Немало думал и примерял он, чтобы размещение картин получилось удачно. Он писал 4 октября 1882 года Репину: «галерея наша с 1 окт. до 1 ноября закрыта по случаю работ по устройству Верещагинских коллекций и некоторых Передвиженских прочих картин». Репин в письме от 5 октября выразил свои предположения относительно этого размещения: «Неужели Верещагина Вы повесите внизу? Следует непременно наверху». 22 октября Павел Михайлович сообщает ему: «Коллекции Верещагина помещены все внизу и освещены превосходно; может быть большие картины наверху и выиграли бы еще (некоторые), но за то маленькие никогда еще, нигде так хорошо не освещались, а раздроблять я их не хотел и, по крайней мере, я сам остаюсь вполне доволен их размещением. Установка этих коллекций продолжалась ровно 20 дней. Теперь реставрируется нижнее отделение старой галереи, потом уже начну кое-что переносить из старой верхней в новую; хлопот предстоит еще очень много».

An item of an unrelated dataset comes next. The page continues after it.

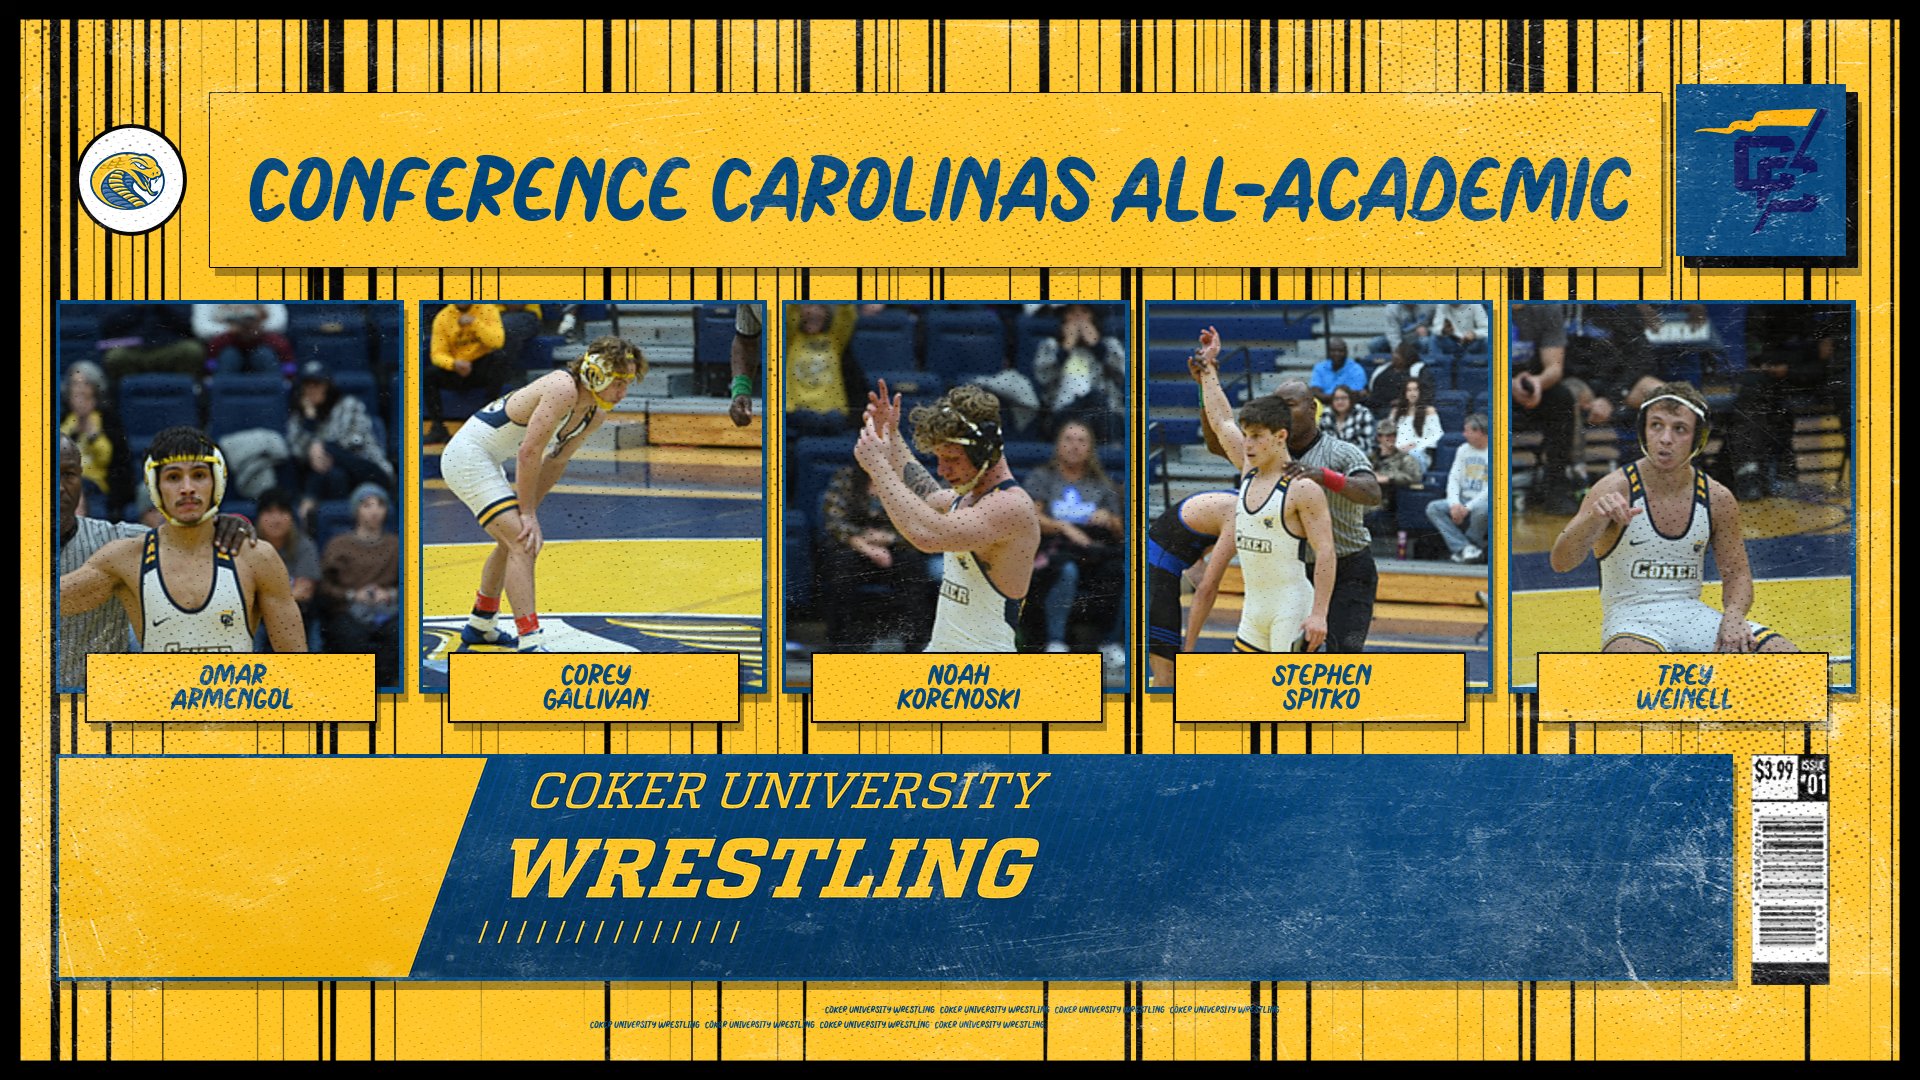 Five Cobras Named to the Conference Carolinas Winter/Spring Academic All-Conference Teams

С этого Павел Михайлович и начал. Наверх в первый новый зал (зал 3) перешли картины Прянишникова, Маковского, Чистякова, Лагорио, «Казнь стрельцов» Сурикова и др. Во второй (зал 4) — Шишкин, Куинджи, Максимов, Бронников, Мясоедов, Айвазовский, «Слово о полку Игореве» Васнецова и др. В третий зал (зал 5) — Крамской и Васильев, которые остались там и при последней развеске, сделанной Павлом Михайловичем перед смертью.

В старом большом зале осталась на прежнем месте только «Военная дорога» Филиппова над лестницей. По длинной левой стене, начиная от лестницы, со старейших художников, заняли место портреты, картины, пейзажи вперемешку. Эта стена кончалась у входа в жилые комнаты произведениями Брюллова и Бруни. На узкой стене висела в центре «Богоматерь» А. Максимова9, а вокруг картины Худякова, Горавского, Ломтева, Капкова, Макарова10, Захарова11, Зарянко. На другой длинной стене — И.И. Соколов, Трутовский, Якоби, Пукирев, Флавицкий, Перов и другие.

В старом помещении внизу были выставлены бывшие под спудом «альбомные вещи», как в старину называли рисунки и акварели.

Кстати скажу, что одновременно с этой пристройкой галереи производилась также пристройка жилого помещения. Фасад дома, выходящий в сад на запад, продолжили. 31 октября Марья Ивановна известила путешествующую Веру Николаевну, что в пристройку переехали дети — Люба и Миша — с гувернанткой Ольгой Николаевной, а также заселен низ, и прибавила, что все очень довольны.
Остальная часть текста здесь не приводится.